My group began under Hungarian command, and at the place we were shipped to we underwent a kind of "basic training". We were made to march daily for hours with our rucksacks on our backs, until we couldn't but throw away most of our belongings, placed in the sacks (we were originally allowed to bring a rucksack with belongings). As a result of those marches, or of perhaps the many later ones, a strap caused a wound and infection on my shoulder, to fortunately heal without treatment, but with a today still remaining scar. But this was only little trouble. A fellow-prisoner against whom a commandant had a grudge was made to stand naked outdoors for something like a full day with his rucksack on.

The subsequent events are not easy to place in order for me. On the whole what our unit did for several months was to take part in building German military airfields in Hungary. These airfields were never finished, because of the slowly approaching Allied armies, and therefore we were constantly moved from place to place. We were of course in miserable condition, wearing our old deteriorating clothes and being fed only one meal a day of usually the same somewhat sweetened noodles, a dish when well prepared popular in parts of Europe. Our sleeping accommodations were straw in tightly packed huts, and the chance to wash was almost nonexistent. I can only remember one place with a well nearby, from which we drew enough water to wash up some.

In the light of these conditions I can relate a ridiculous statement made to me by a German military. My family spoke German, not only because we had lived in largely German-speaking Sudetenland, but because my mother's hometown was once part of the Austro-Hungarian empire. For the same reason she also spoke Hungarian, initially the only language of my father. It was not spoken in Bohemia, and as a young child I only learned German and Czech. Applying the first of these, I cautiously struck up a conversation with that military, who on watching my fellow-captives remarked that his fellow-Germans are so much more hard-working and conscientious. Aside from our condition clearly visible to him (perhaps he thought we were responsible for it, too), I wanted to tell him we are not only enslaved but unknowing of the state of our families. But I thought this response too dangerous and kept my mouth shut. Otherwise he could have concluded I made a grievous accusation and deserved appropriate punishment.

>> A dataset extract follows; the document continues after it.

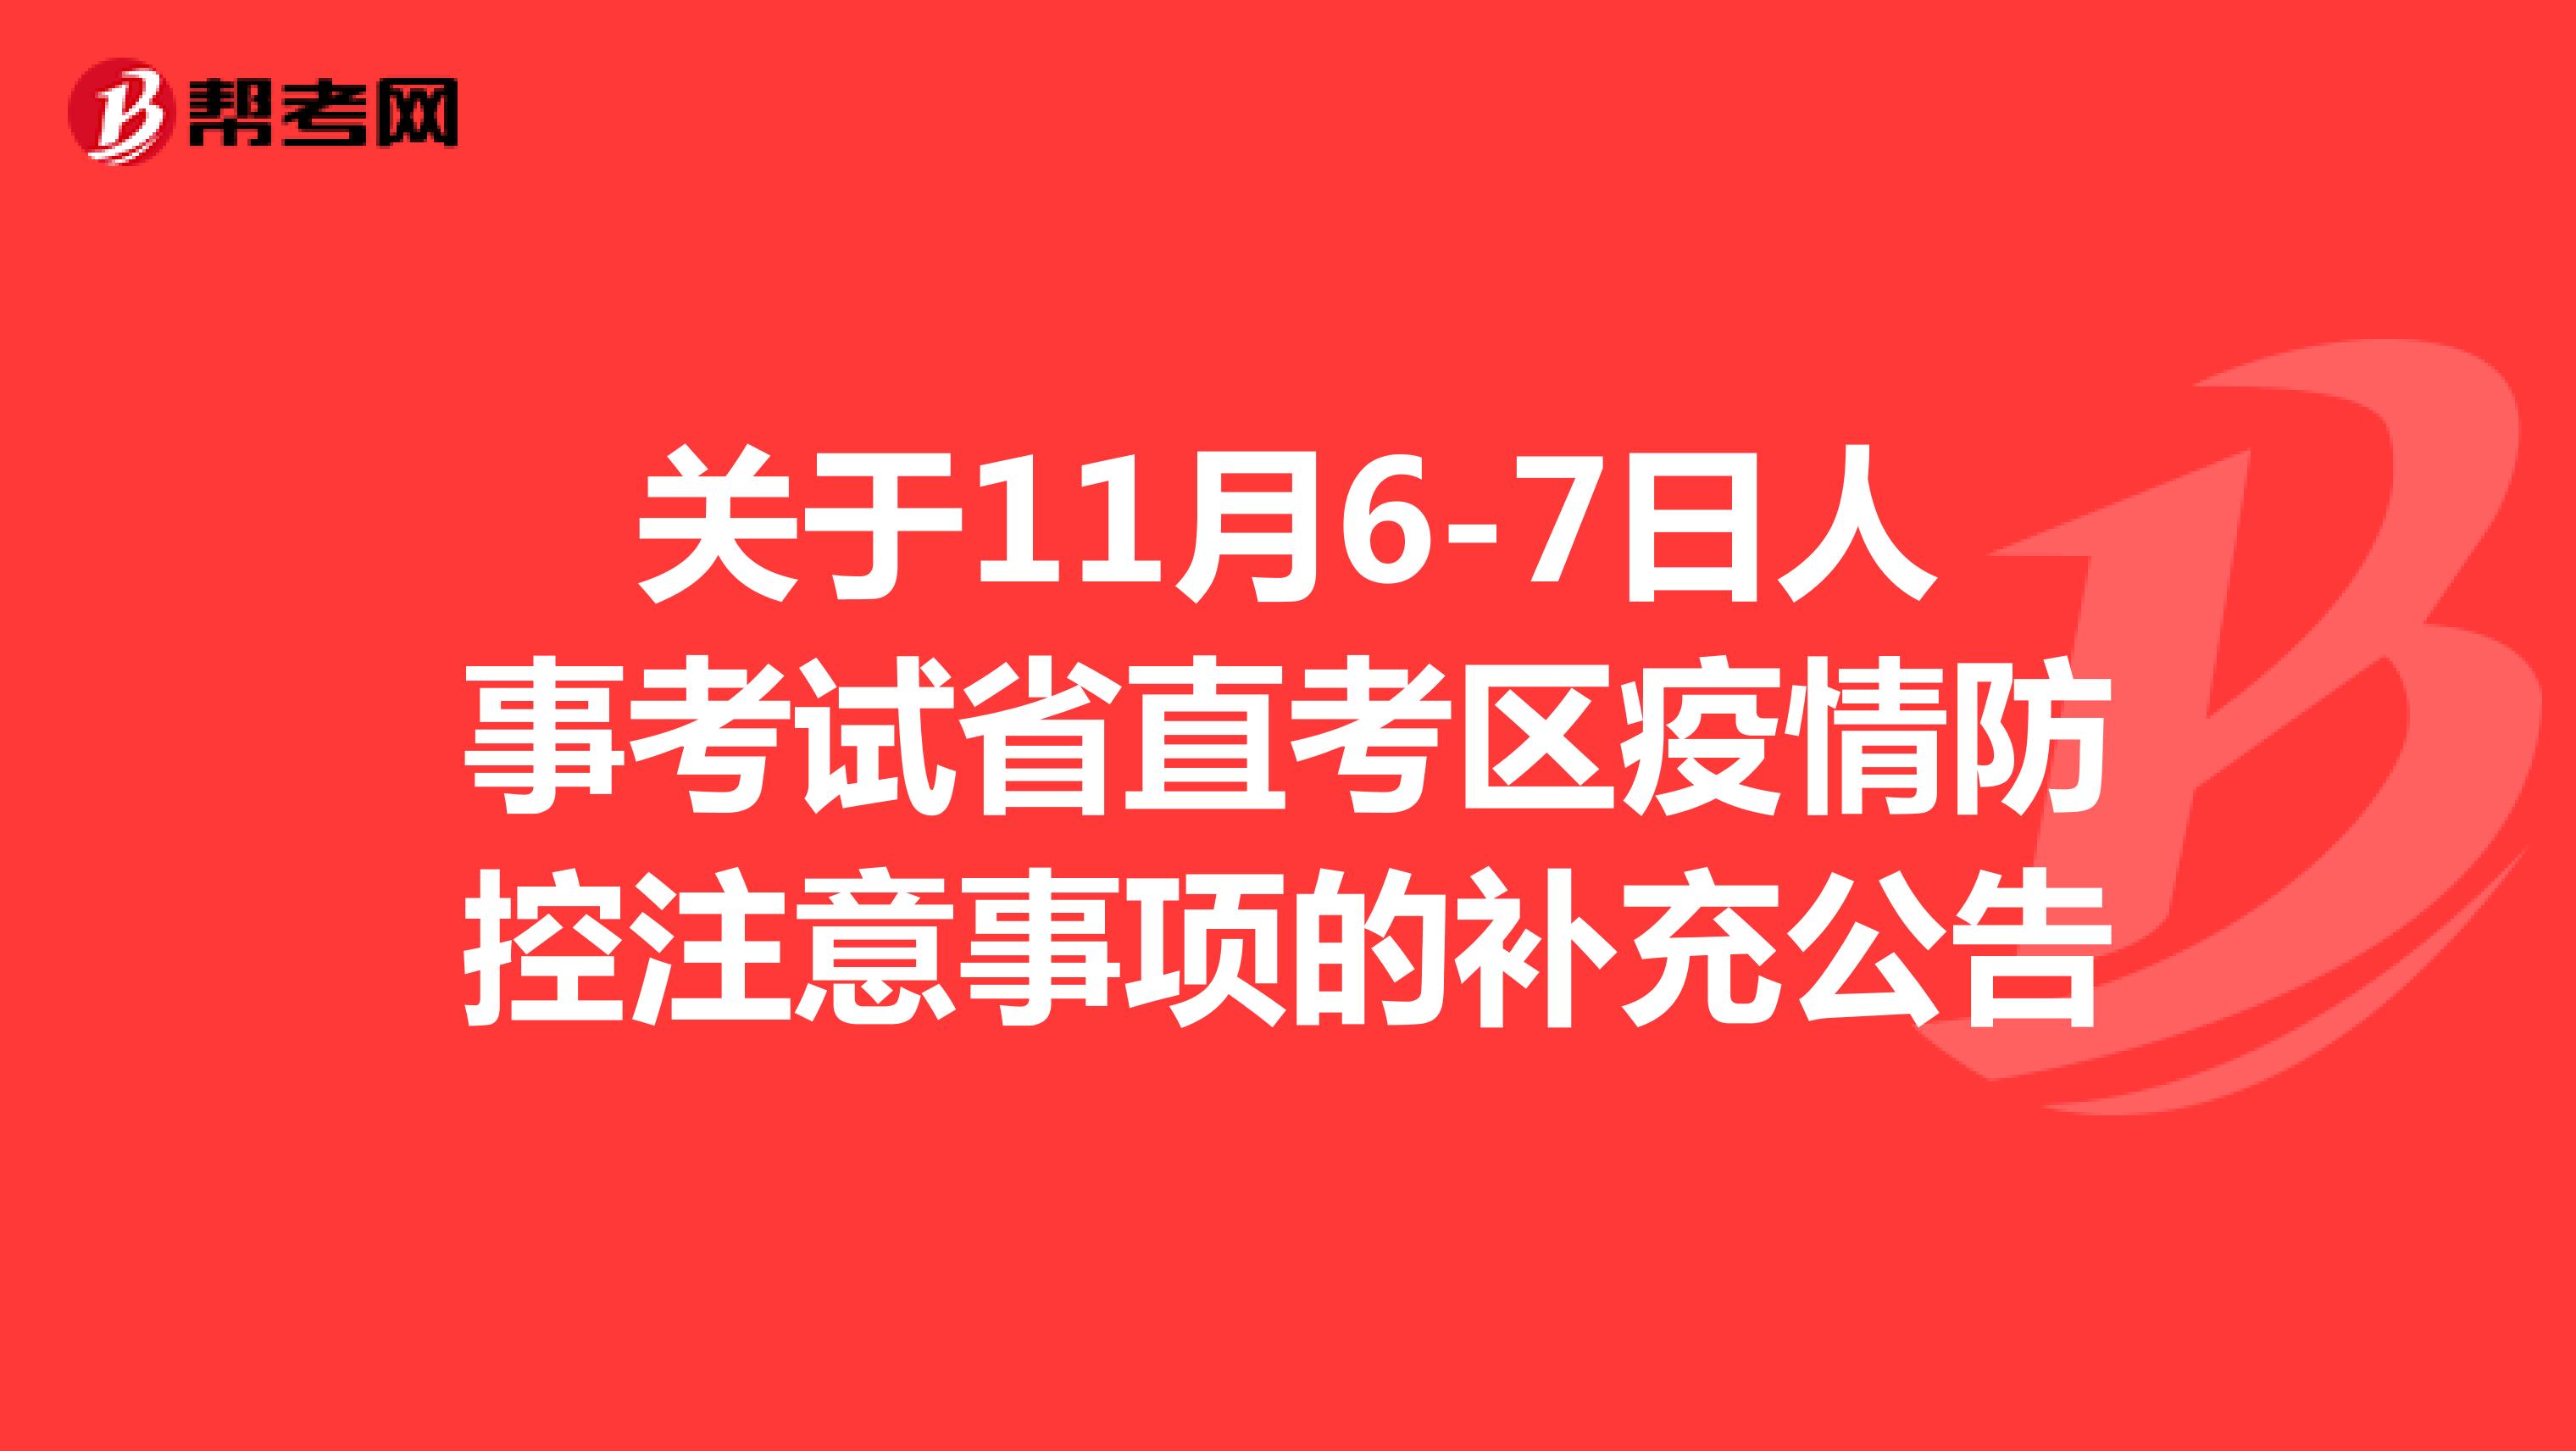 关于四川省11月6-7日人事考试省直考区疫情防控注意事项的补充公告

Should some reader suppose mine to be a needless fear of expressing myself, a reminder may be due that free speech is a cherished possession in this country, the United States, and few others. Nazism must have been the worst in this respect, and my family got a taste of it while still protected as foreign nationals in Nazi-occupied Czechoslovakia. My father expressed an understandable criticism of the Nazis to a Czech, and was thereupon reported by the man to the Germans (for some gain maybe) and arrested. Why father was later released I am not sure. It may be because we were the foreign nationals, or because he denied the incident, or because his employers stepped in, declaring him indispensable in his job, a declaration actually made regarding my father at a certain point.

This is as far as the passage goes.